A good controlled experiment would consist of using two field plots next to each other, with the same environmental condition, soil, crop genotype and everything else, apart from the fertiliser, which will be different for the two plots. In these conditions, the observed yield difference shall be reasonably attributed to the fertiliser.

Apart from isolating the effect under study, a good control is exerted by using the greatest care to minimise the effects of all potential sources of experimental error. This may seem obvious, but putting it into practice may be overwhelming. Indeed, different types of experiments will require different types of techniques and the best to do to master those techniques is ‘learning by doing’, preferably under the supervision of an expert technician. I will only underline three general aspects:

methodological rigour
accurate selection of experimental units
avoiding intrusions

Methodological rigor refers to the soundness or precision of a study in terms of planning, data collection, analysis, and reporting. It is obvious that, if we intend to study the degradation of a herbicide at 20°C we need an oven that is able to keep that temperature constant, the herbicide needs to be thoroughly mixed with the soil at the exact concentration and we need to use a well calibrated instrument as well as a correct protocol of analysis. However, we should never forget that there is a trade-off between methodological rigour/precision and the need for time and money resources, which is not independent from the aims of the experiment and the expected effect size. It is not necessary to attain a precision of 1 mL if we are determining the irrigation volume for maize!

In relation to the selection of experimental units, good control practices would suggest that we select very homogeneous individuals; by doing so, error is minimised and precision is maximised. However, we need to be careful: subjects also need to reliably represent the population from where they were selected. For instance, if we want to assess the effect of a particular diet, we could select cows of the same age, same weight and same sex, so that the diet effect is isolated from all other possible confounding effects. If we do so, we will probably obtain a very high precision, but our results will not allow for any sound generalisations to caws of other ages, weights and sex. Again, there is a trade-off between the homogeneity of experimental subjects and the possibility of generalisation.

Last, but not least, I would like to spend a few words about ‘intrusions’, i.e. all the external events that occur and negatively impact on the experiment (e.g., drought, fungi attacks, aphids). Sometimes, these events are simply unpredictable and we will see that replication and randomisation (the other two principles of experimental design) are mainly meant to avoid that such intrusions produce systematic errors in our results. Some other times, these events are not totally unpredictable and they are named ‘demonic intrusions’ by Hurlbert (1984) in a very influential paper (as opposed to the unpredictable non-demonic intrusions). The aforementioned author reports an example relating to a study about fox predation. If fences are used to avoid the entrance of foxes, but hawks use those fences as perches from which to search for a pray, in the end, foxes may be held responsible for the predation exerted by hawks. Therefore, we end up confounding the effect of an intrusion with the effect under investigation. Hurlbert concludes “Whether such non-malevolent entities are regarded as demons or whether one simply attributes the problem to the experimenter’s lack of foresight and the inadequacy of procedural controls is a subjective matter. It will depend on whether we believe that a reasonably thoughtful experimenter should have been able to foresee the intrusion and taken steps to forestall it”.

1.6.2 Replication

In the previous paragraph, we have set the basis of a comparative experiment, wherein two plots put totally in the same conditions are treated with two different fertilisers. Of course, this is not enough to guarantee that the experiment is valid. Indeed, no one would now dream of testing the response to a treatment by comparing two plots, one treated and the other one untreated (Fisher and Wishart, 1930; cited in Hurlbert, 1984).

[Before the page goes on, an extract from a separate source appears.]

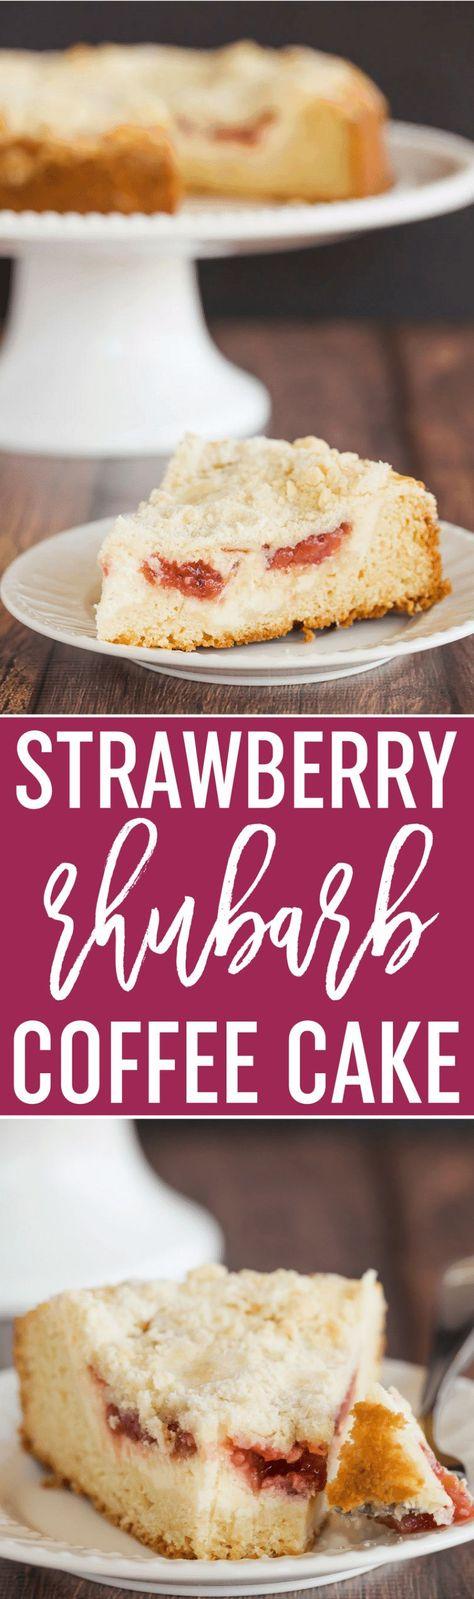 Strawberry Rhubarb Coffee Cake   Brown Eyed Baker

In every valid experiment, the measurements should be replicated in more than one experimental unit, while non-replicated experiments are usually invalid. We can list four main reasons for replication:

demonstrate that the measure is replicable (that does not mean it is reproducible, though);
ensure that any possible intrusions that affected one single experimental unit has not caused any relevant bias. Of course, the situation becomes troublesome if such an intrusion has affected all replicates! However, we will show that we can take care of this by using randomisation;
assess the precision of the experiment, by measuring the variability among replicates;
increase the precision of the experiment: the higher the number of replicates the higher the precision and the lower the uncertainty.

The key issue about replication is that, to be valid, replicates must be truly independent, i.e. the whole manipulation process to allocate the treatment must have been independently applied to the different replicates. This must be clearly distinguished from pseudo-replication, where at least part of the manipulation has been contemporarily applied to all replicates (Figure 1.3).

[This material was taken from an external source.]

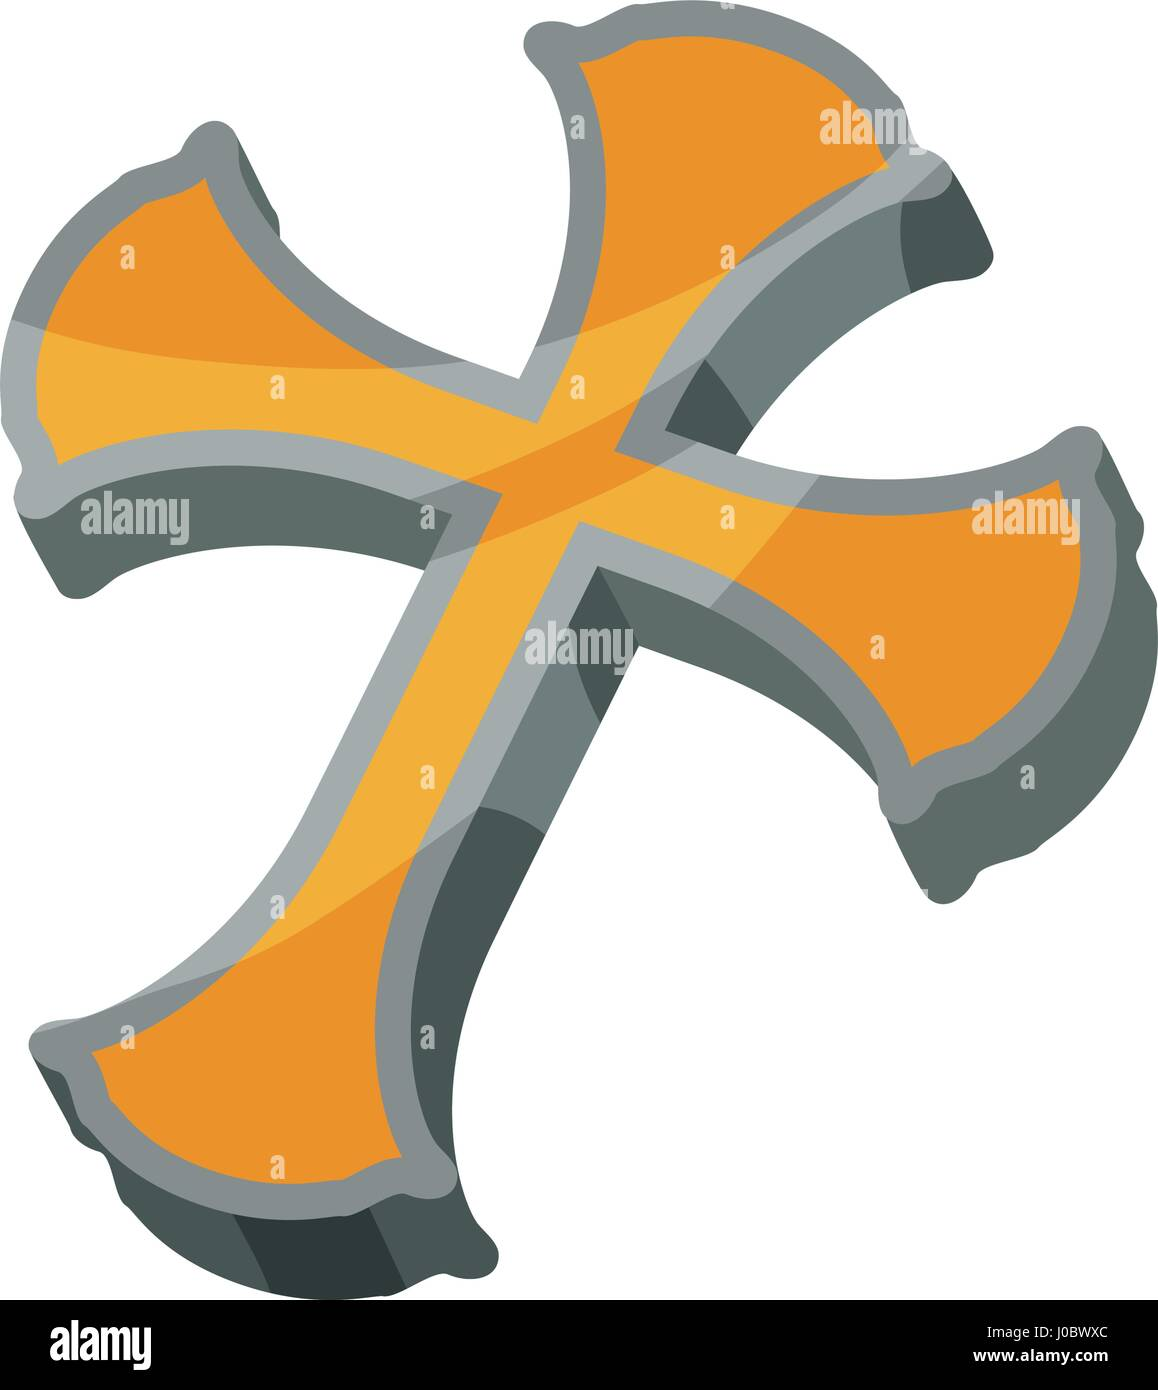 Christianity cross symbol stock vector art illustration vector christianity cross symbol biocorpaavc Gallery

Figure 1.3: Schematic example of and invalid experiment, where pseudo-replication is committed

Some typical examples of pseudo-replication are: (1) spraying a pot with five plants and measuring separately the weight of each plant, (2) treating one soil sample with one herbicide and making four measurements of concentration on four subsamples of the same soil, (3) collecting one soil sample from a field plot and repeating four times the same chemical analysis. In all the above cases, the treatments are applied only to one unit (pot or soil sample) and there are no true replicates, no matter how often the unit is sub-sampled. Clearly, if a random error is committed during the manipulation process, it carries over to all replicates and becomes a very dangerous systematic error.

In some cases, pseudo-replication is less evident and less dangerous; for example, when we have to spray a number of replicates with the same herbicide solution, we should prepare different lots of the same solution and independently spray them onto the replicated plots. In practise, very often we only prepare one solution and spray it onto all the replicates, one after the other. Strictly speaking, this would not be correct, because the manipulation is not totally independent: if we made a mistake while preparing the solution (e.g. a wrong concentration), this would affect all replicates and would become a source of bias. However, such a practice is usually regarded as acceptable: if we sprayed the replicates independently, the amount of solution would too small to be precisely delivered by, e.g., a knapsack sprayer. As always, experience and common sense can be good guides to designing valid experiments.

Apart from some specific circumstances, the general rule is that valid experiments require true-replicates and pseudo-replication should never be mistaken for true replication, even in the case of laboratory experiments (Morrison & Morris, 2000). You will learn by experience the exceptions to this rule, but we prefer to sound rather prescriptive in this respect: it is not nice to have a paper rejected because we did not menage to convince the editor that our lack of true-replication should be regarded as justified!

One common question is: how many replicates do we need? In this respect, we need to find a good balance between precision and costs: four replicates are usually employed in field experiments, although also three is a common value, when the effects are expected to be rather big and we have a small budget. A higher number of replicates is not very common, mainly because the size of the experiment becomes rather big and, consequently, soil variability increases as well.

1.6.3 Randomisation

Control and true-replication, in themselves, do not guarantee that the experiment is valid. Indeed, some innate characteristics of experimental units or some random intrusion might systematically influence all replicates of one treatment, so that the effect of such disturbance is confounded with the effect of the experimental treatment. For example, think that we have a field with eight plots, along a positive gradient of fertility, as shown in Figure 1.4; if we treat the plots from 1 to 4 with the fertiliser A and the plots from 5 to 8 with the fertiliser B, a possible difference between the means for A and B might be wrongly attributed to the treatment effect, while it might be due to the innate difference in fertility (confounding effect).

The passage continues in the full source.